I am easily inspired. It’s either that, or I have a short attention span.
A couple of months ago, I binge watched a new Netflix series called Master of None. (Highly recommended, run there after you read this post!). In the final episode (I hope I’m not letting any spoilers slip), someone lights shuck for Italy, to learn how to make pasta (of all things, pasta!).
Last night we began watching another Netflix series called Chef’s Table (smart people notice a pattern emerging), and pasta, too, played an important role in the story of Massimo Bottura.
Well between the two, I became inspired to make tortellini.
Now understand… I’ve never made tortellini before, nor have I ever made pasta, which is the natural and simpler starting point. It’s sort of like be studying to get my driver’s license so that I can race Grand Prix.
In other words, typically Teddy.
Here’s a tangent to the story; we have two dozen eggs in the fridge. Long story, but I bought a dozen to make sure we could make French toast last weekend, forgetting that la Fille ™ had picked some up as well. So we had some extra eggs in the fridge.
(Another tangent; in most of the world, no one refrigerates eggs.)
The second ingredient of pasta (in fact, one of the only three ingredients – TIL) is eggs. Thus the source of at least part of the inspiration; what to do with the eggs.
Pasta is, in fact, very easy to get going. We happen to have a nice big wood counter top upon which to do it the traditional way, and so why not? 2 cups of flour, 4 eggs, two whole eggs, and one teaspoon of salt was all it took. Following Niki’s guidance, it was just that easy.

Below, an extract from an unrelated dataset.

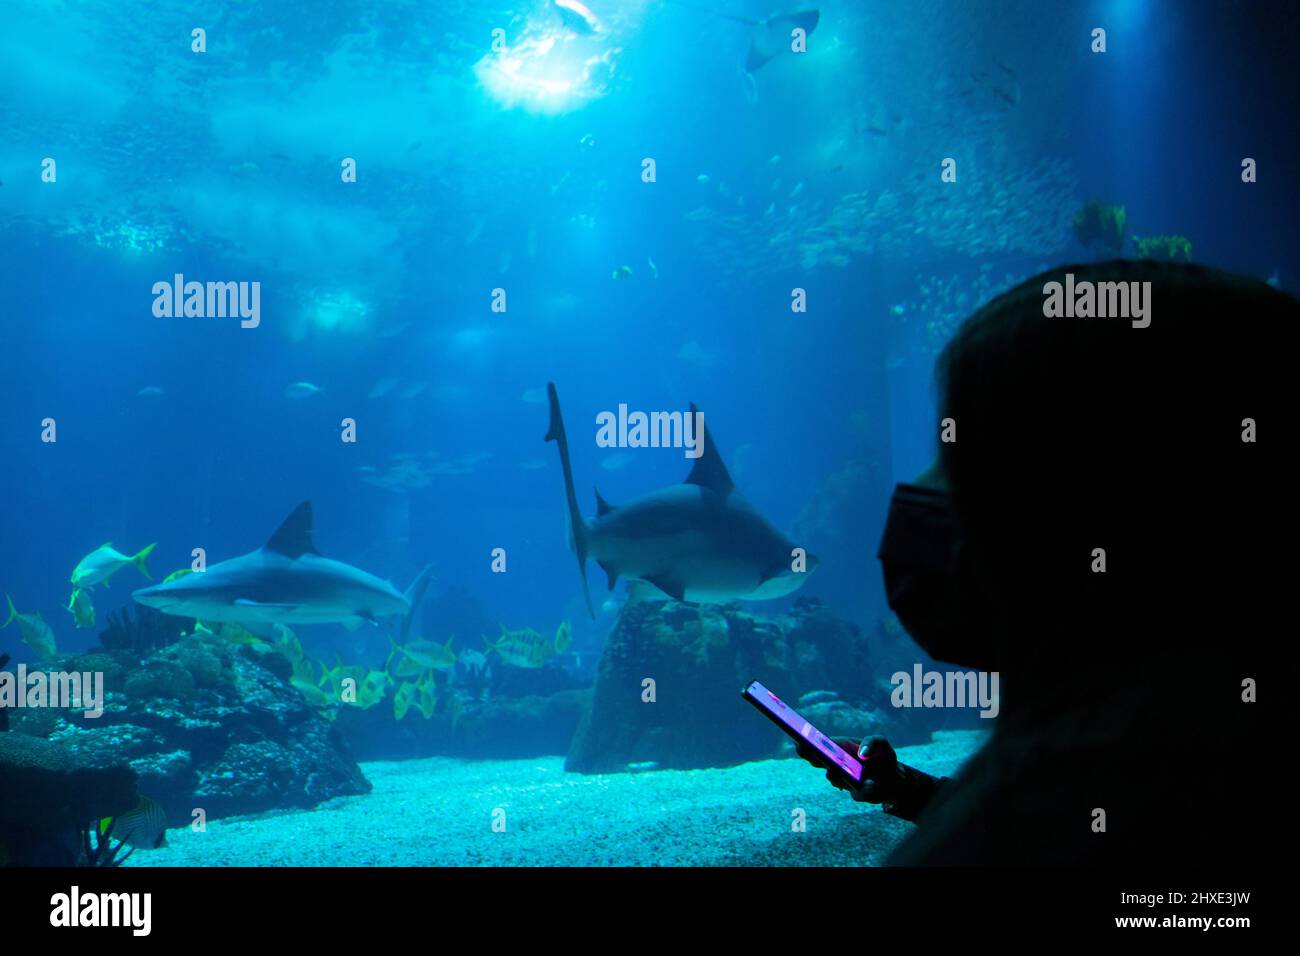 Junges Mädchen, das Haie auf einem großen Aquarium beobachtet. Meeresbeobachtung zu Bildungszwecken. Stockfoto

Now, anyone who’s made pasta is (or should be) enamoured with getting that “silky smooth” look. It’s what I aspired to. It’s what I missed by a county kilometer. Still, it was workable.
The key to good pasta, the experts like Niki will tell you, is to let your dough rest before rolling. I did. It didn’t work that well… the dough was still springy and stiff, and slowly shrunk as I let off on the rolling. I was able to get a fairly even thickness even without a tapered pasta rolling pin or mechanized roller. For my first attempt, not too bad.
Those are 10 cm circles (2 inches for my American friends). BTW.
The really fun stuff began the day before, with a marinated chicken dinner, from which we had plenty of left over chicken. Chopped up nice and fine, stir fried with spinach and goat cheese, and there you go – the basis of a fabulous tortellino.
Here’s my Teddy Pro Tip ™ for tortellini: roll your pasta circles thinner than you think, and add less filling than you might. I used a medium zip lock baggie as a piping tool, and worked on my consistency. It looks impressive, no?
There is no secret to a good tortellino shape. (Singular tortellino, plural tortellini.) Tortellini are just modified Italian perogie. Smaller, for sure, but the same thing I grew up with, by Momma. I could try to explain how to make the shape, but I would not do a god job of it. Instead, I just looked at a store bought, factory made tortellino and… copied the classic shape.
I am not unhappy with the results.
I am most happy, however, with how we approach the idea of food. We cook a lot. Both of us, la Fille ™ and I , love to cook. We both have taken lessons in various countries (in fact, we travel for food, and seek these kinds of experiences out aggressively) and enjoy the act of preparing and cooking.
Saturdays are our informal “kitchen lab days”, where we’ve begun to pick a couple of cool recipes from our hard copy resources (we love cookbooks), and make an evening out of it. Tortellini was my contribution to the evening, a wonderful dill flavoured stuffed zucchini as Ti’s. The Petite Fille ™ usually gets involved, and it becomes a family thing. This is the life we want; with simple, homemade, and good tasting foods.